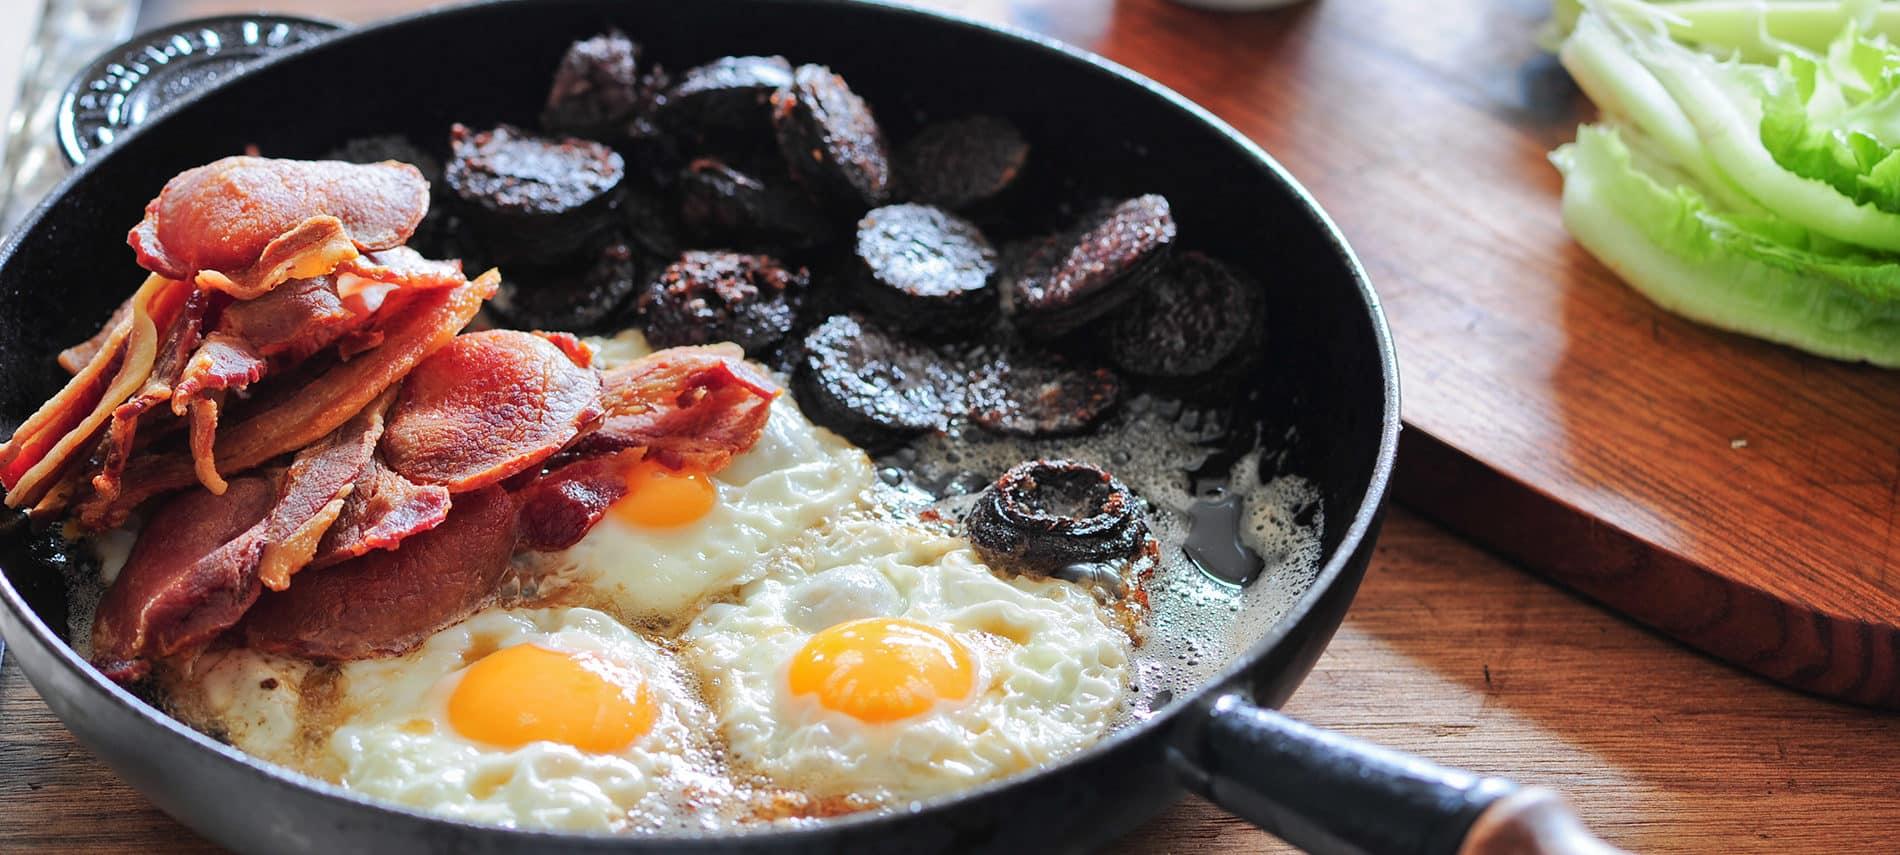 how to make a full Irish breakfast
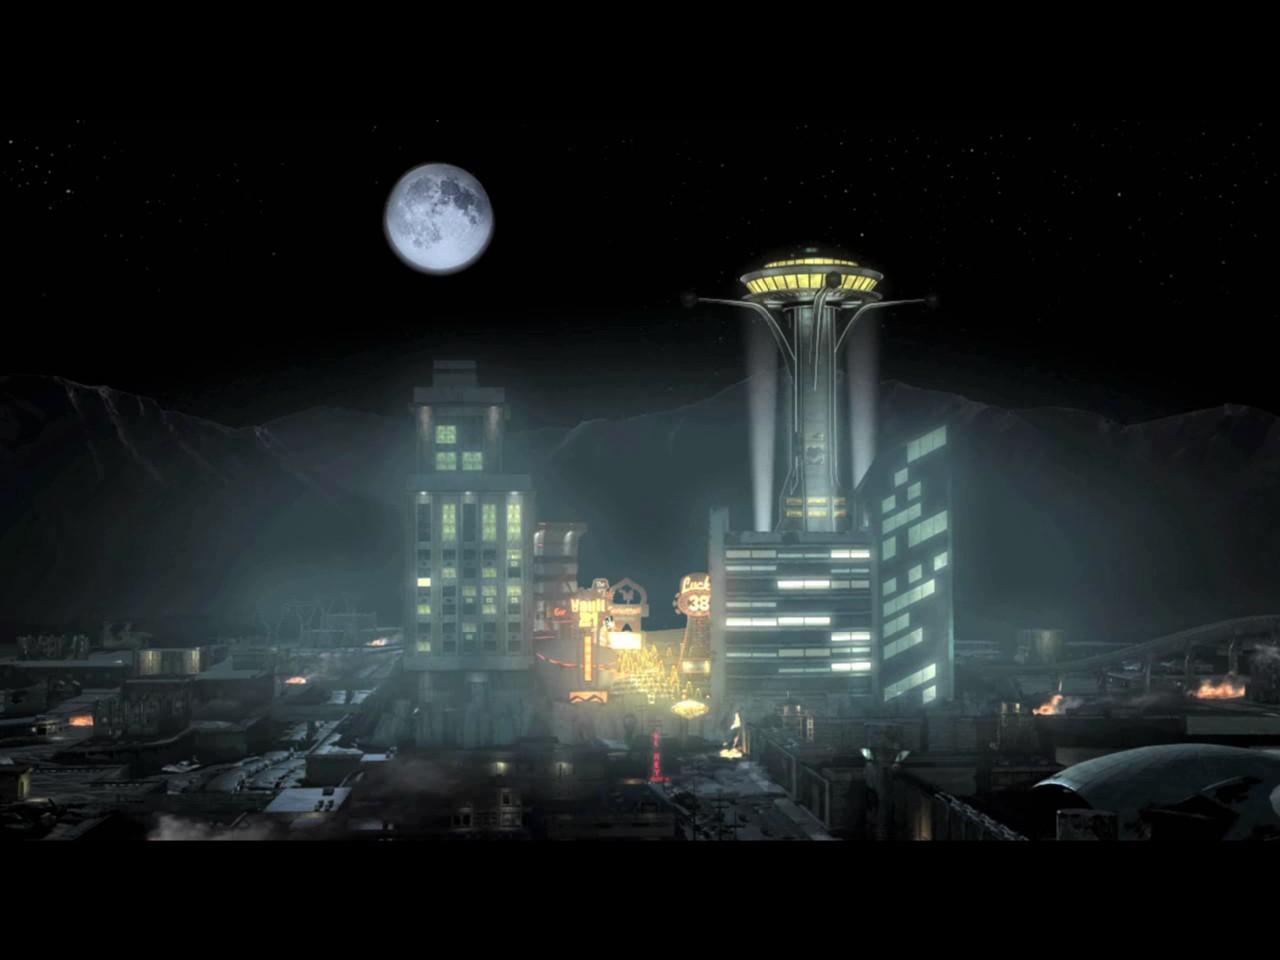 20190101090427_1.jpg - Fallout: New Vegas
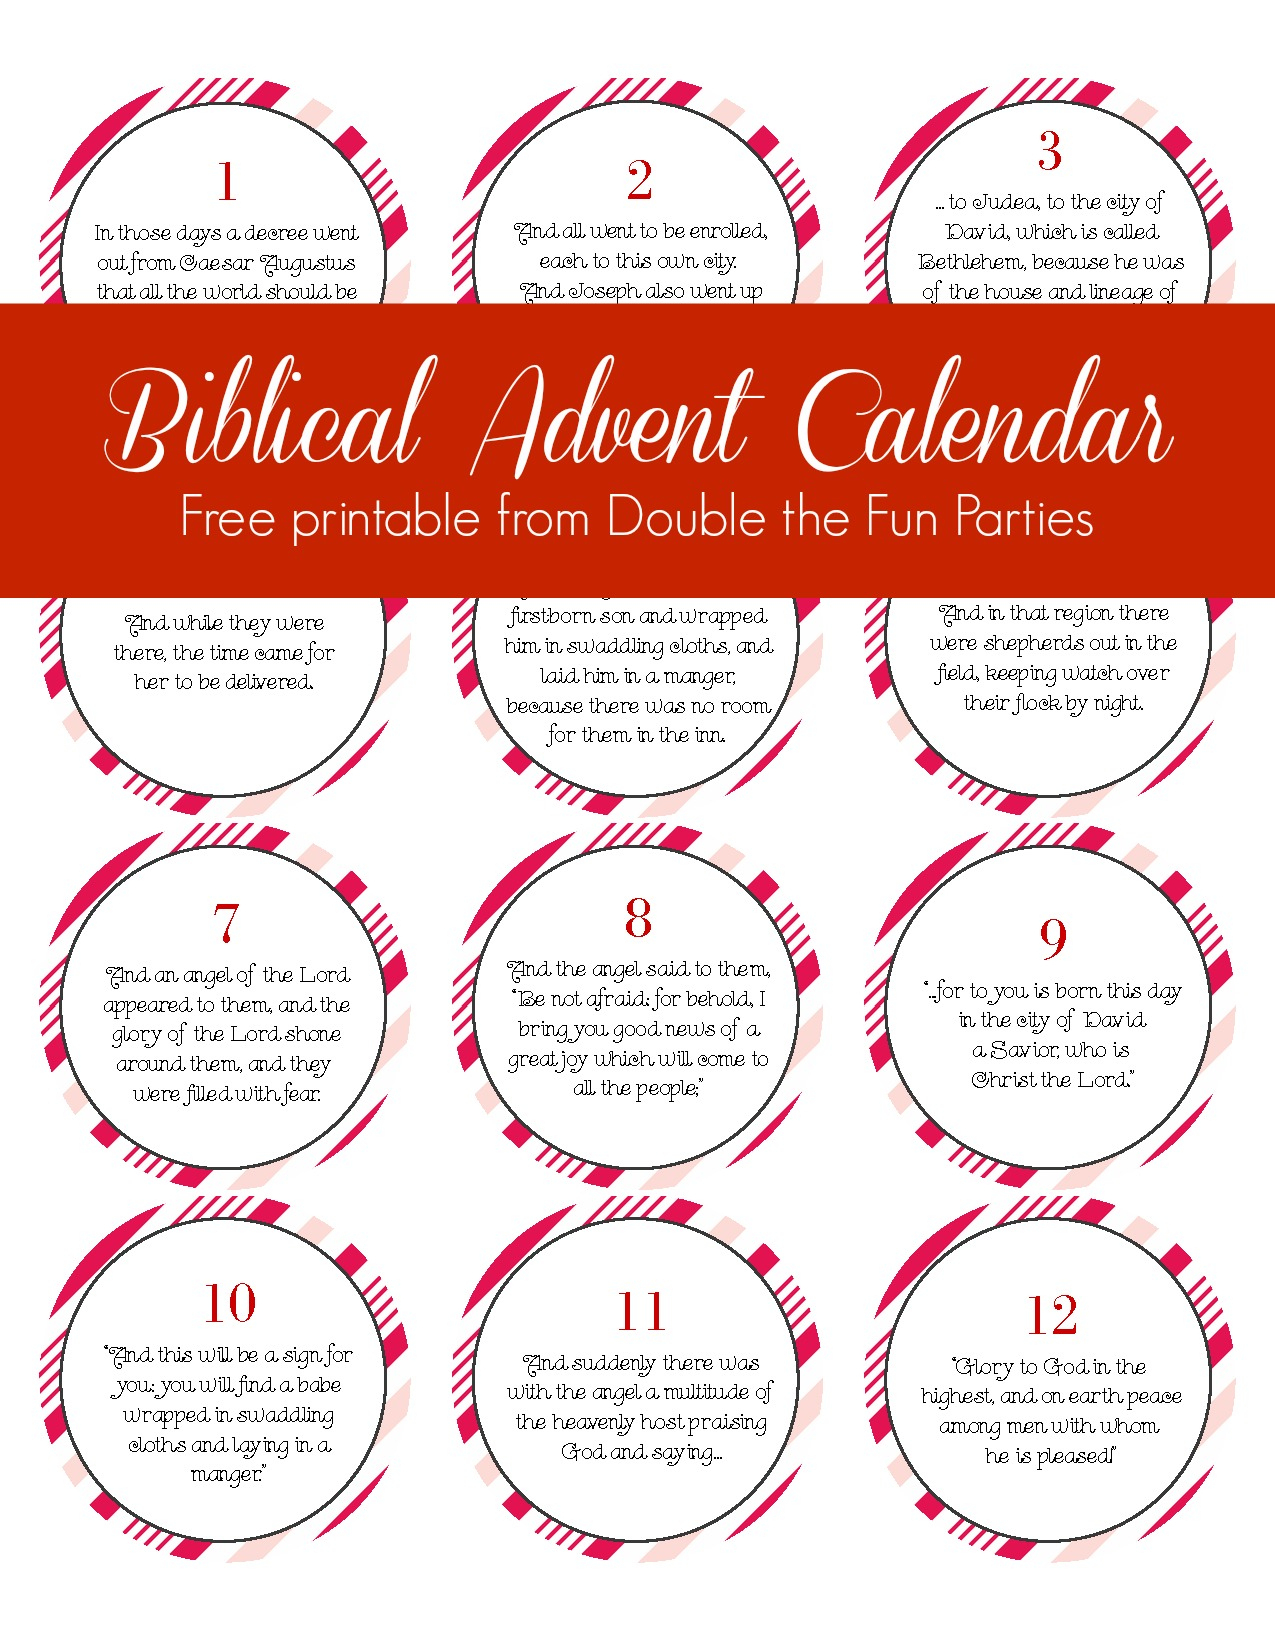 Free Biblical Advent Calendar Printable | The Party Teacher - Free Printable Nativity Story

#### Assigned task:
Leaving every picture out, output the data exactly as it stands.

#### Solution to the problem:
 how to make a full Irish breakfast
 20190101090427_1.jpg - Fallout: New Vegas
 Free Biblical Advent Calendar Printable | The Party Teacher - Free Printable Nativity Story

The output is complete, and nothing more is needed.